*** Opening of RECORDS SUPPLIED ***

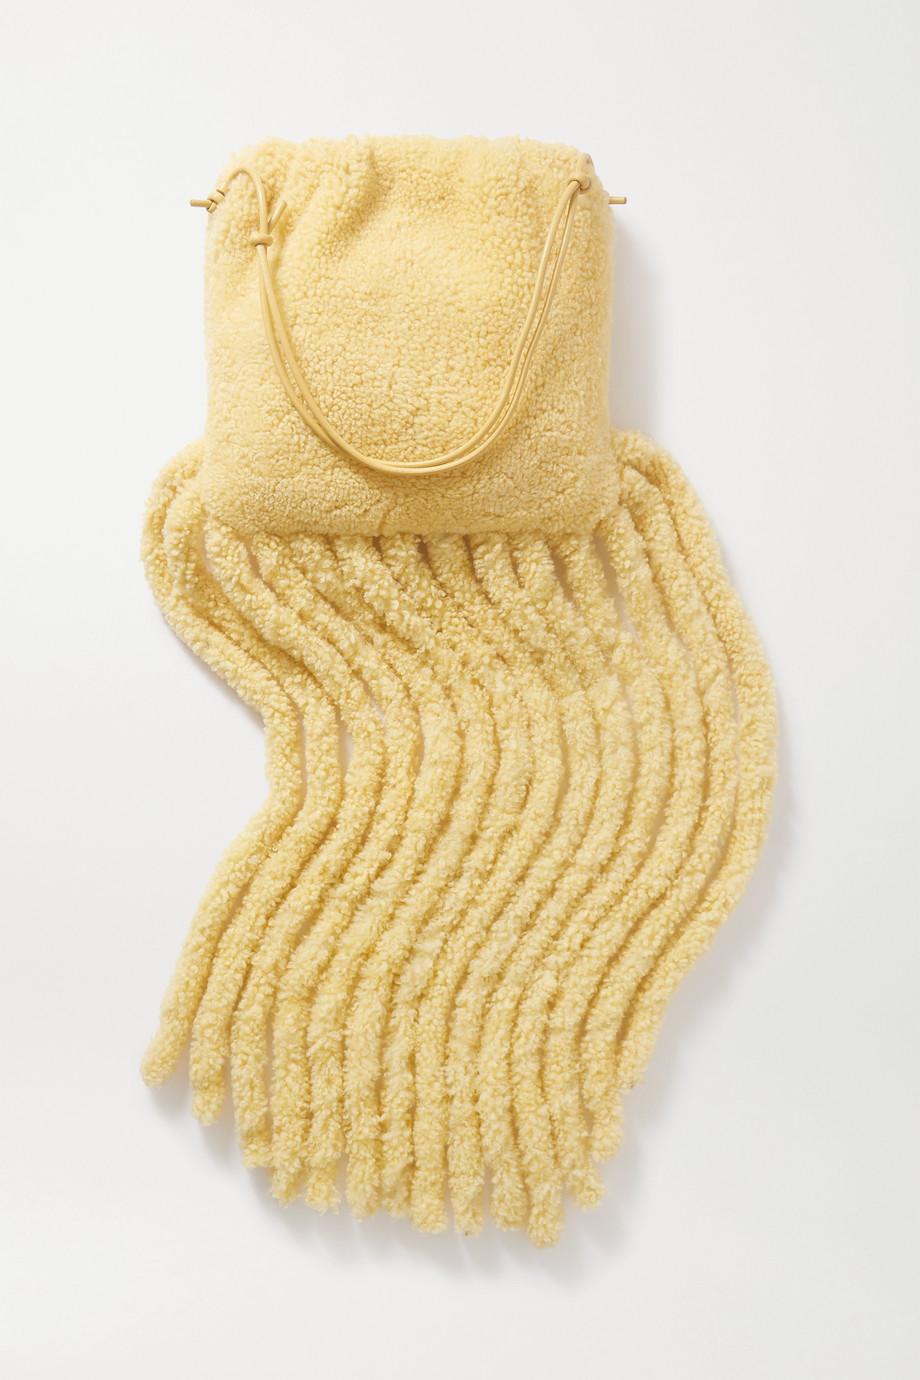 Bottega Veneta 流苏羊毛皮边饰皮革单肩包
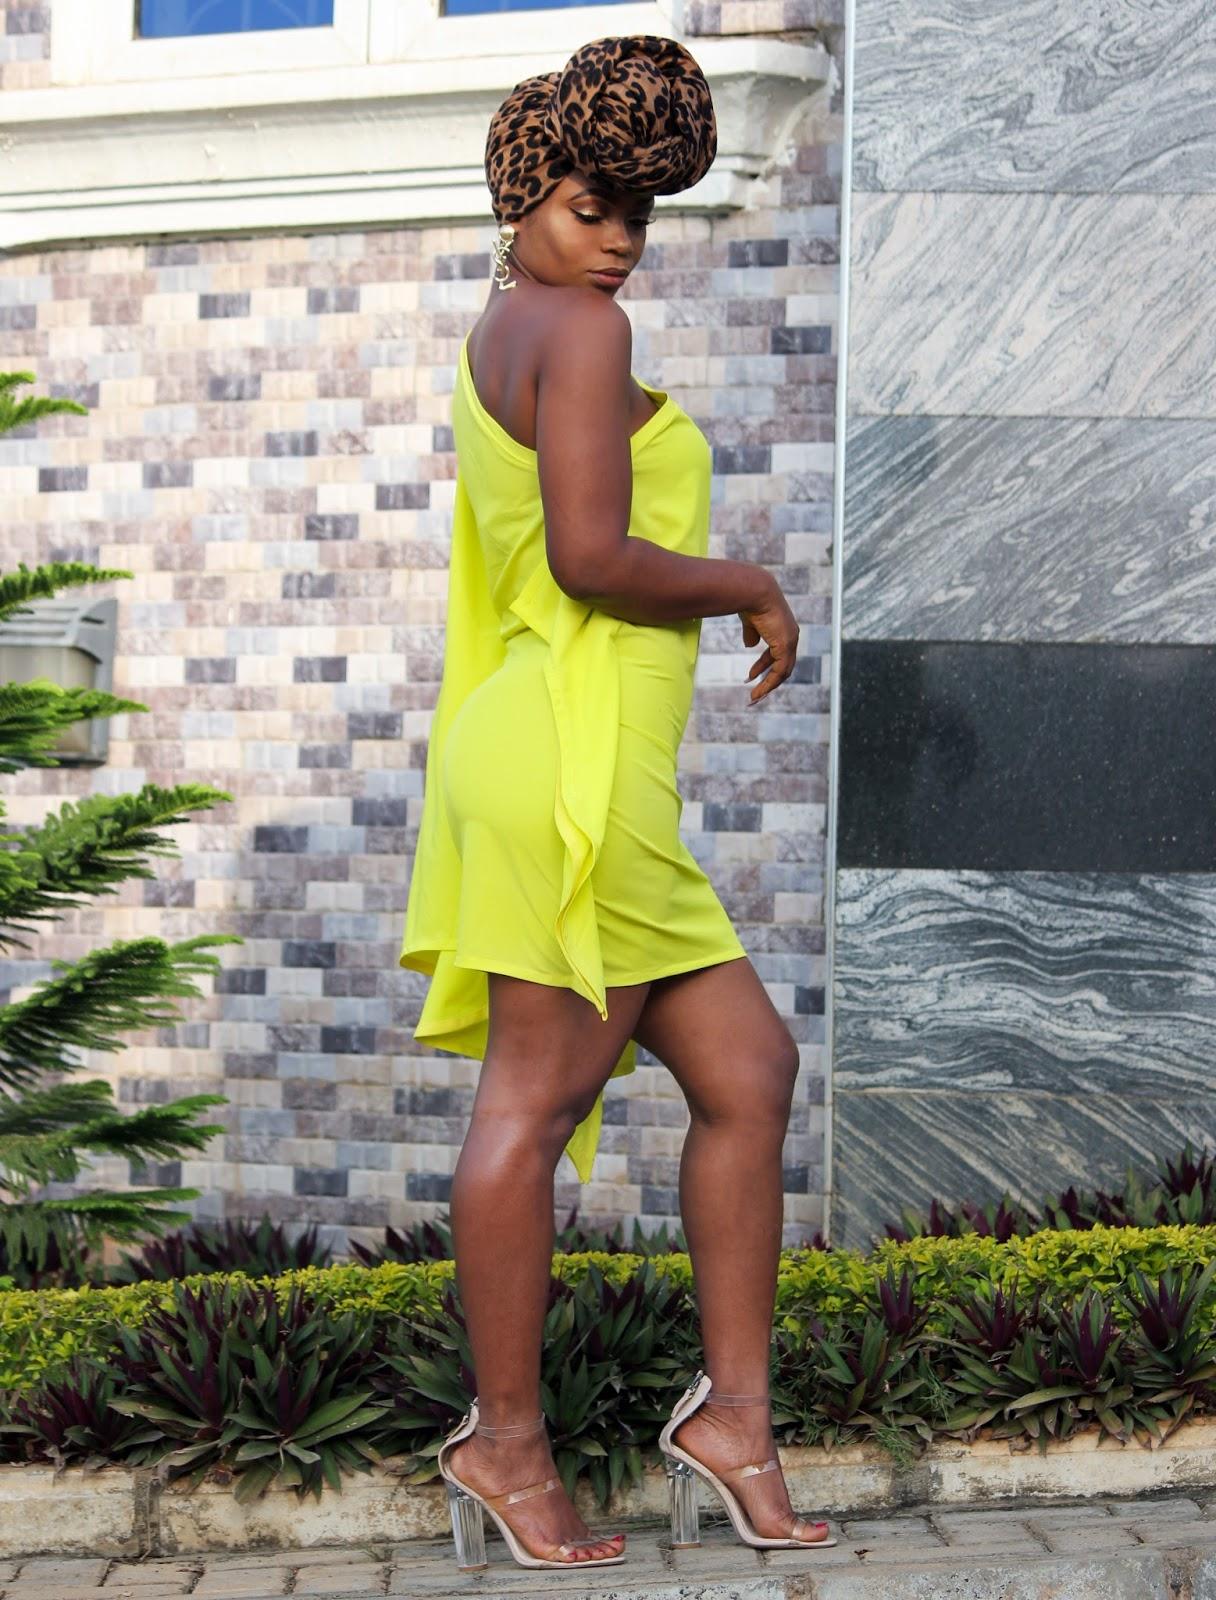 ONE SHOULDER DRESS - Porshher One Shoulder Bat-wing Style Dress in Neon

*** Close of RECORDS SUPPLIED ***
*** Opening of RECORDS SUPPLIED ***

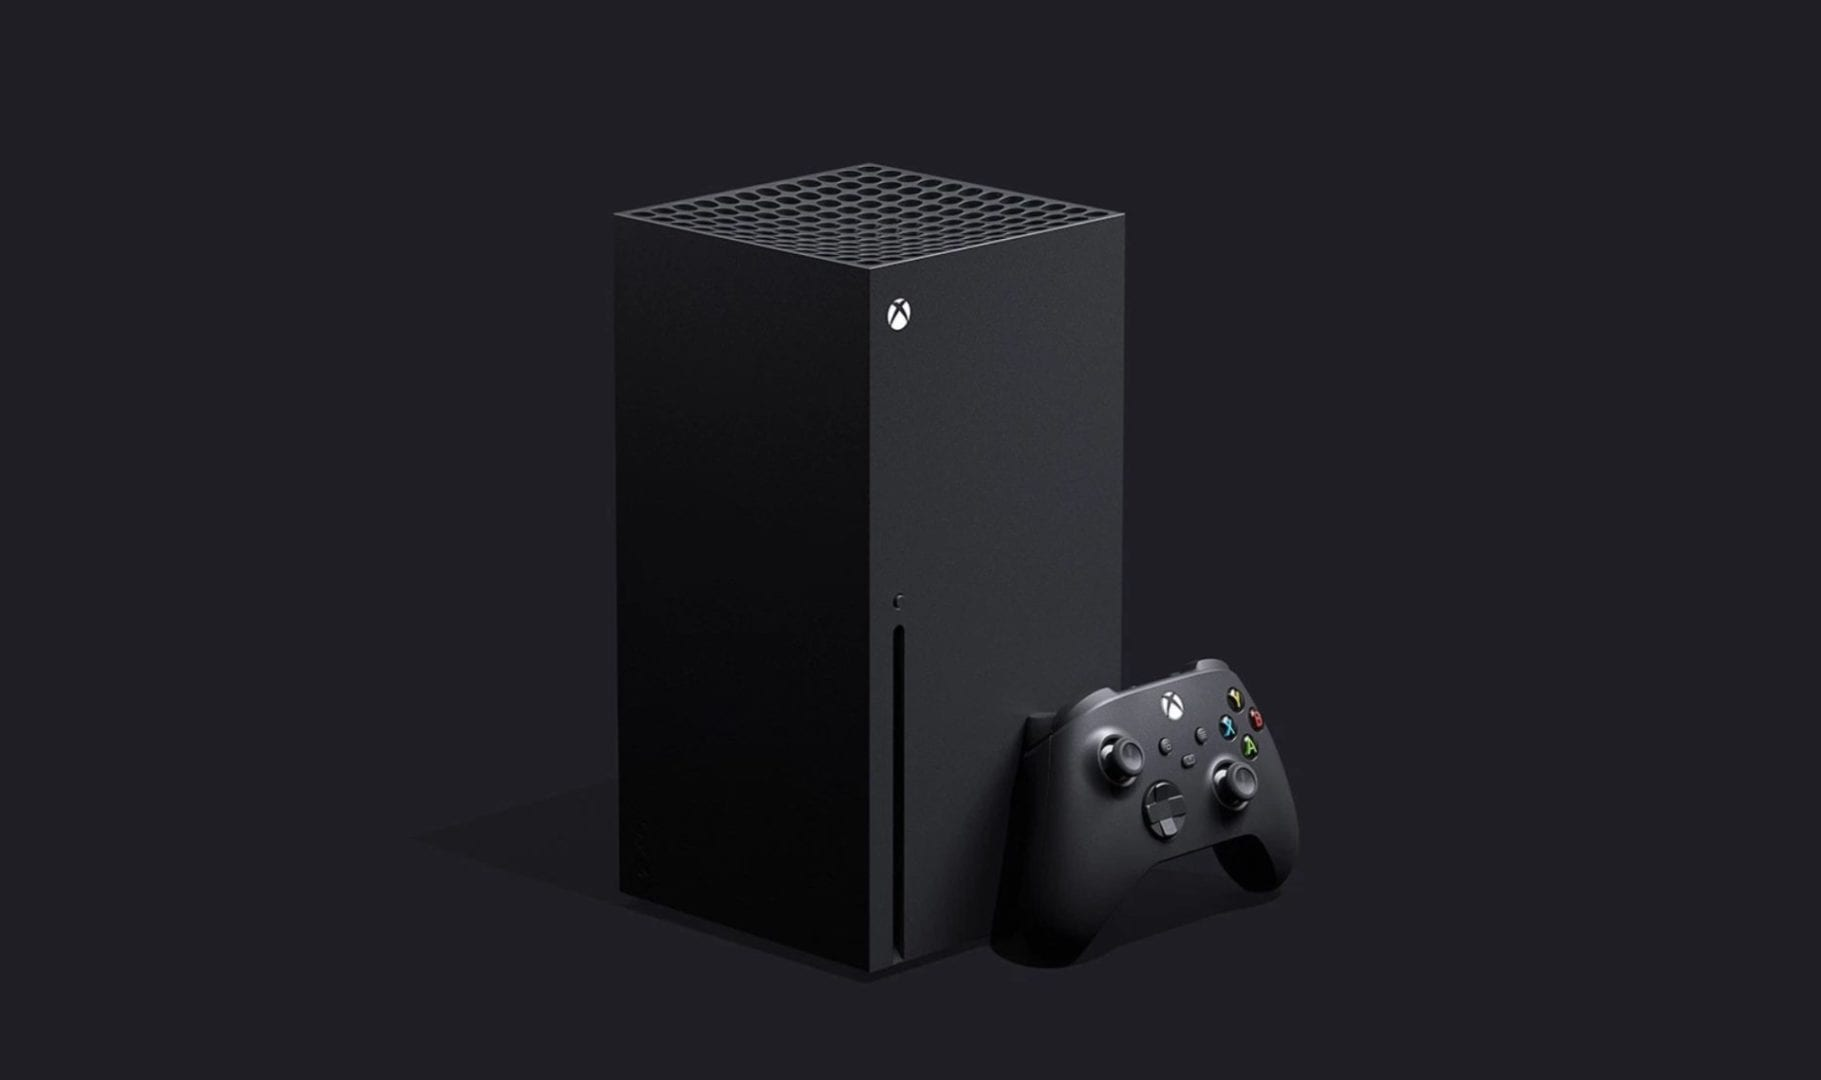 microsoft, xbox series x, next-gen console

*** Close of RECORDS SUPPLIED ***
*** Opening of RECORDS SUPPLIED ***

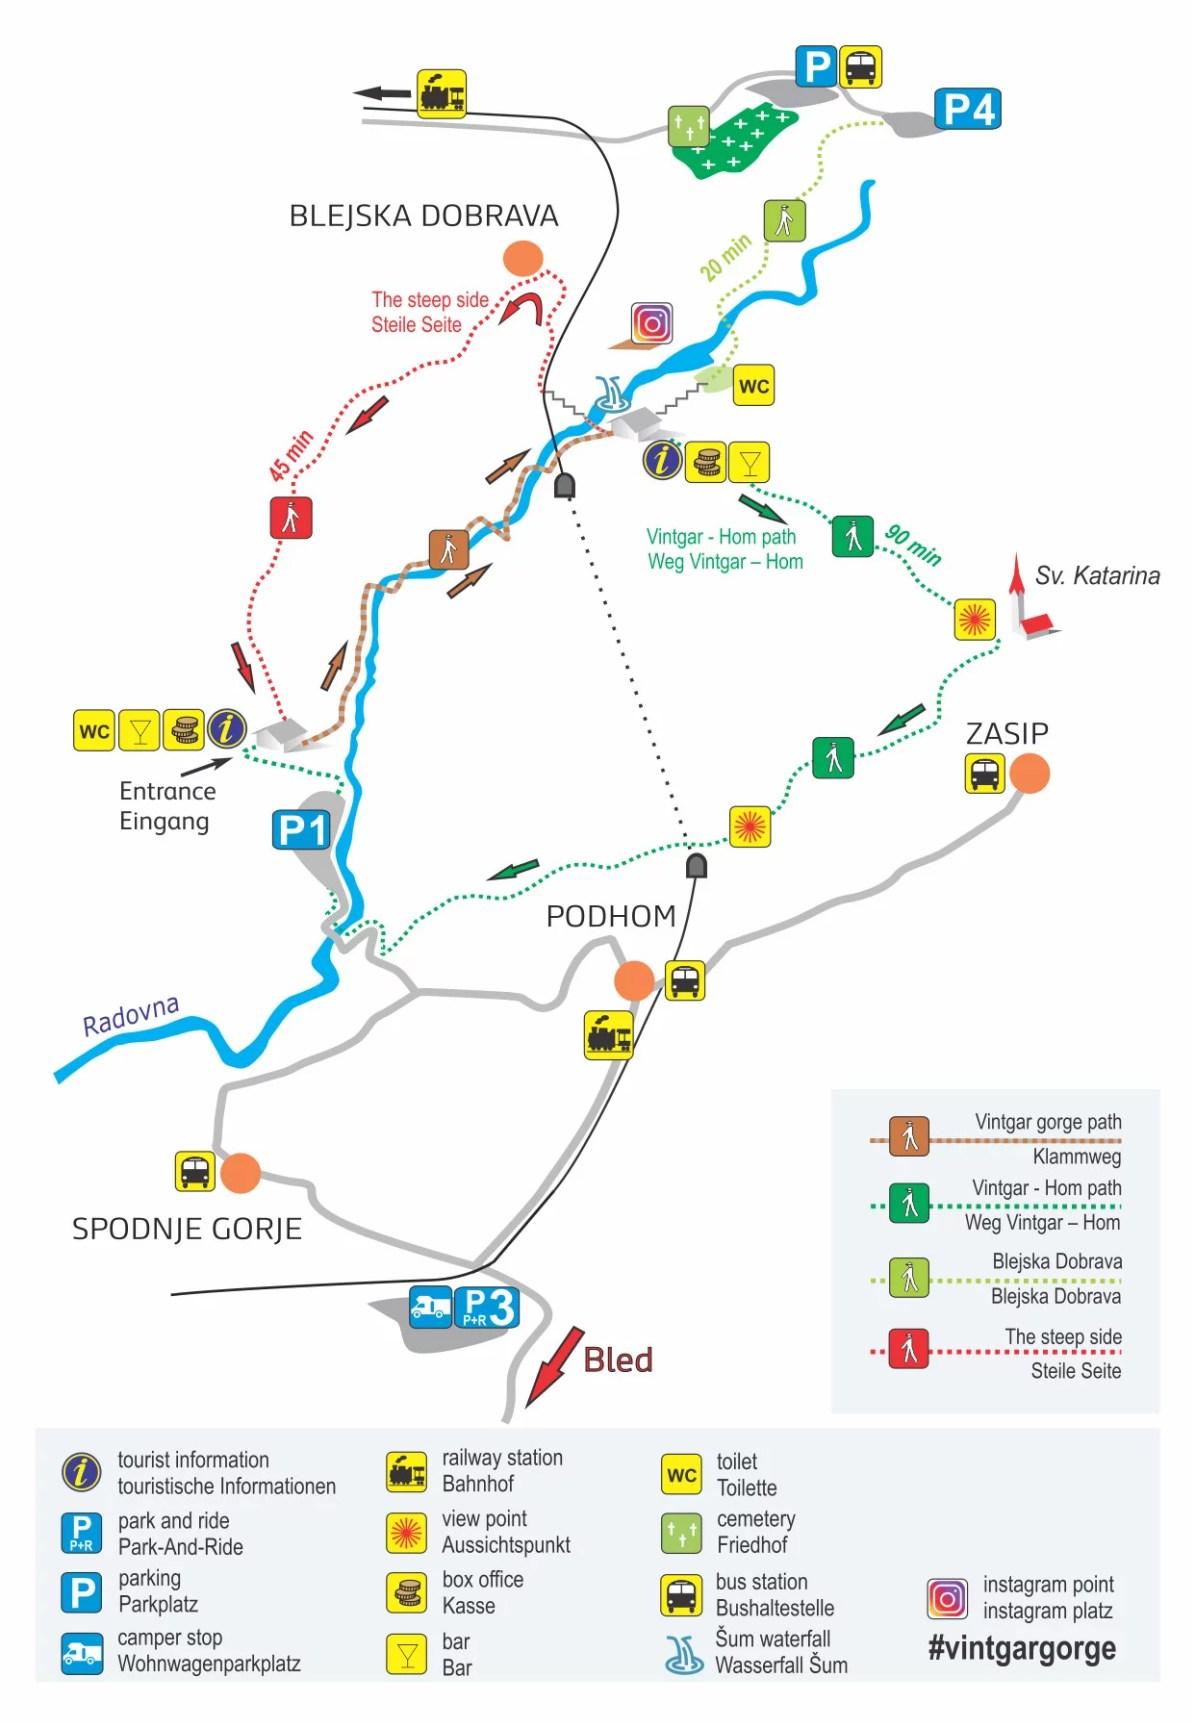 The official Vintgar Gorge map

*** Close of RECORDS SUPPLIED ***

#### REQUIRED ACTION
Every line above from the one with "Bottega Veneta 流苏羊毛皮边饰皮革单肩包" down to the one with "ONE SHOULDER DRESS" must be written out exactly, and no picture may appear.

#### RESPONSE
 Bottega Veneta 流苏羊毛皮边饰皮革单肩包
 ONE SHOULDER DRESS - Porshher One Shoulder Bat-wing Style Dress in Neon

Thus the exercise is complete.